In einem Statement nach Herrmanns Aussage sagte der Grüne Siekmann: Belegt sei nun auf jeden Fall, dass das über Scheuer vermittelte Angebot "in der Staatskanzlei forciert und mit Nachdruck weitergegeben" wurde. Und "offenbar sind in Folge dieses Drucks fachliche Bedenken erst mal ignoriert worden". Dies folge dem Prinzip wie in anderen Fällen, so Siekmann: "Wer den kurzen Draht hatte, konnte sein Angebot auf dem richtigen Schreibtisch platzieren."

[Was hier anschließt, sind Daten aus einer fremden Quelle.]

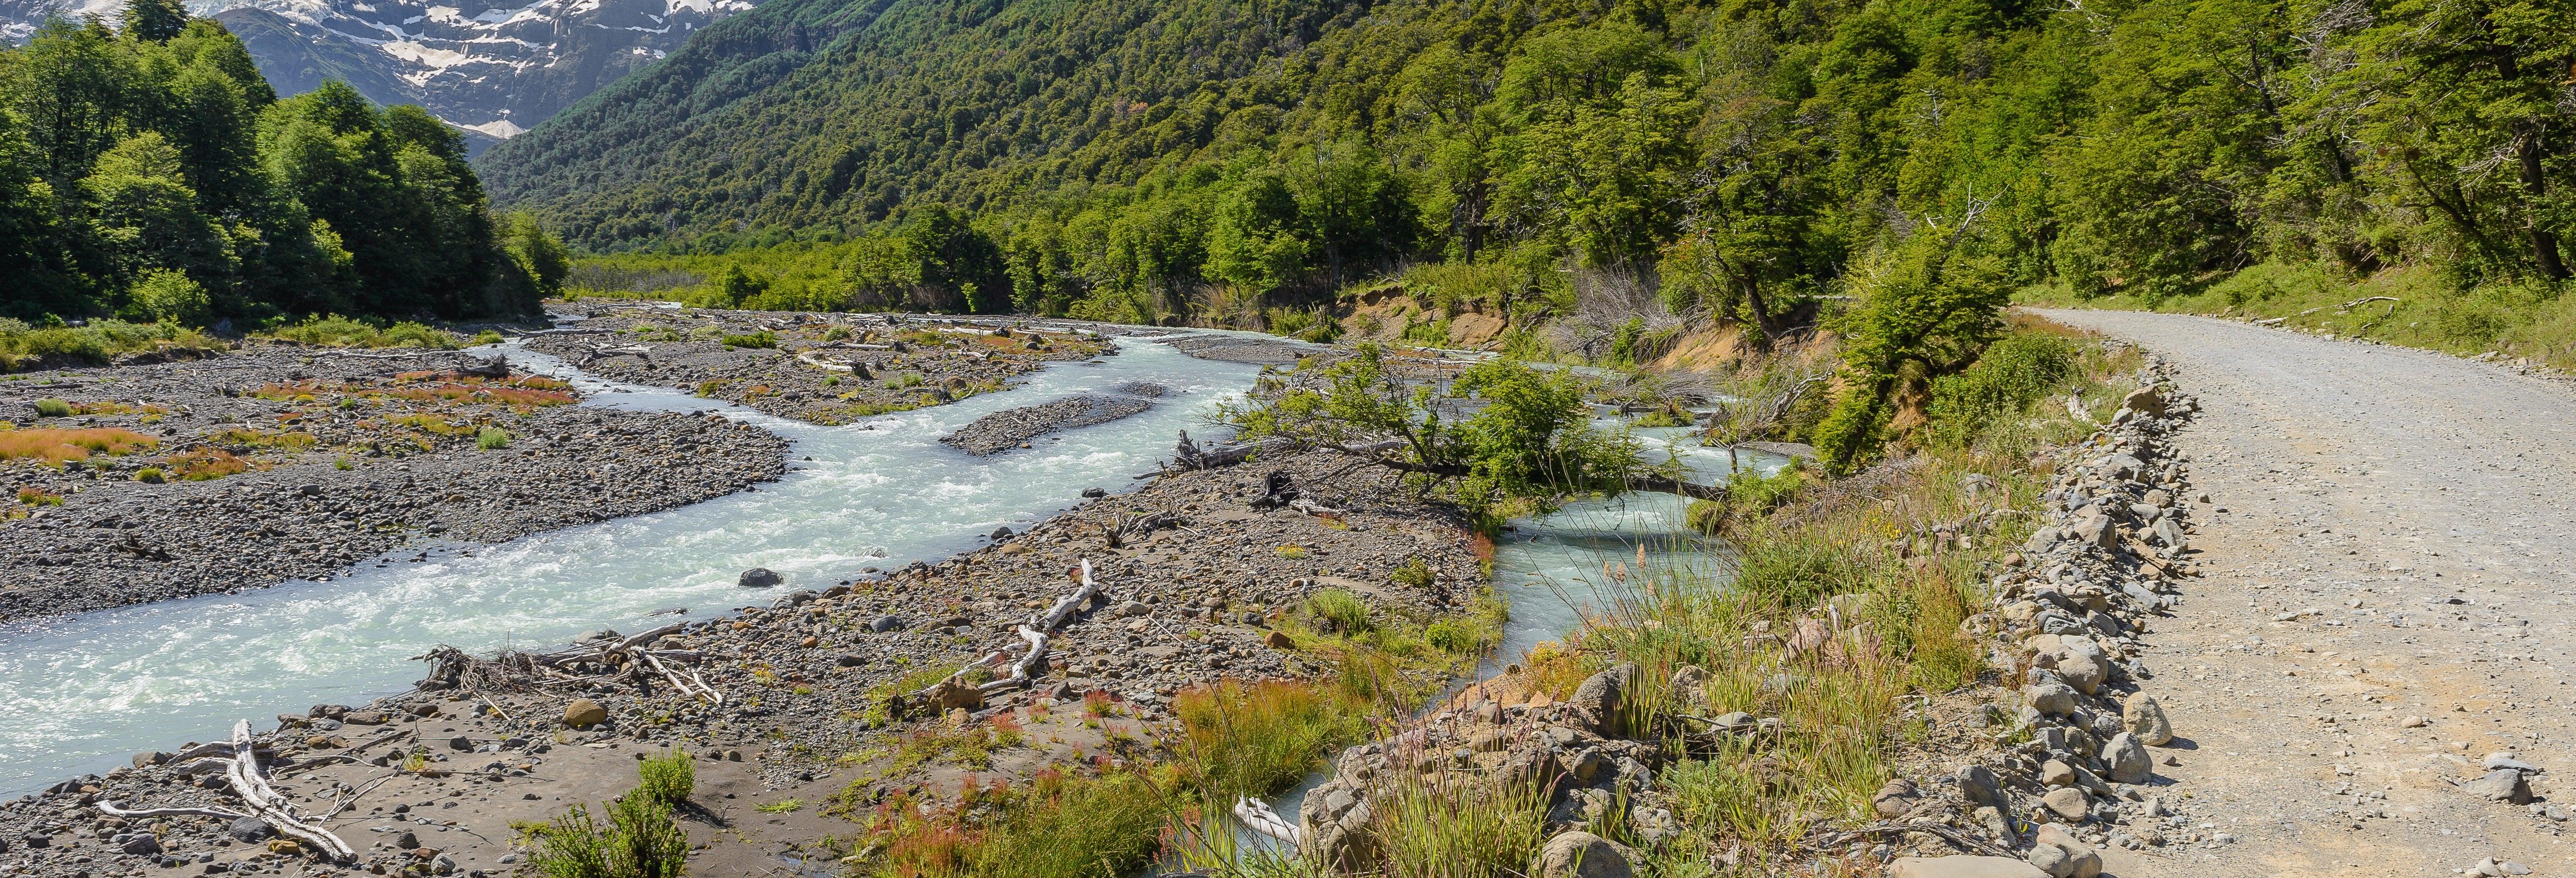 Excursão ao Cerro Tronador

Strittig sei, wieso Scheuer ausgerechnet den Deal aus dessen Wahlkreis mit Luftfahrtkapazitäten unterstützt habe. SPD-Mann Rinderspacher sprach von "CSU-Connections" und "Vetternwirtschaft", Gerd Mannes (AfD) erkannte beim Staatskanzleichef "erstaunliche Erinnerungslücken" und "wenig Interesse an Aufklärung". Ausschussvorsitzender Bausback sagte dagegen, der "Beschaffungsdruck" sei in Herrmanns Aussage deutlich geworden, ebenso der Vorteil des Scheuer-Angebots mit dem Lufthansa-Transport. Es gebe "keinen Anlass, von Günstlingswirtschaft oder Bananenstaat auszugehen".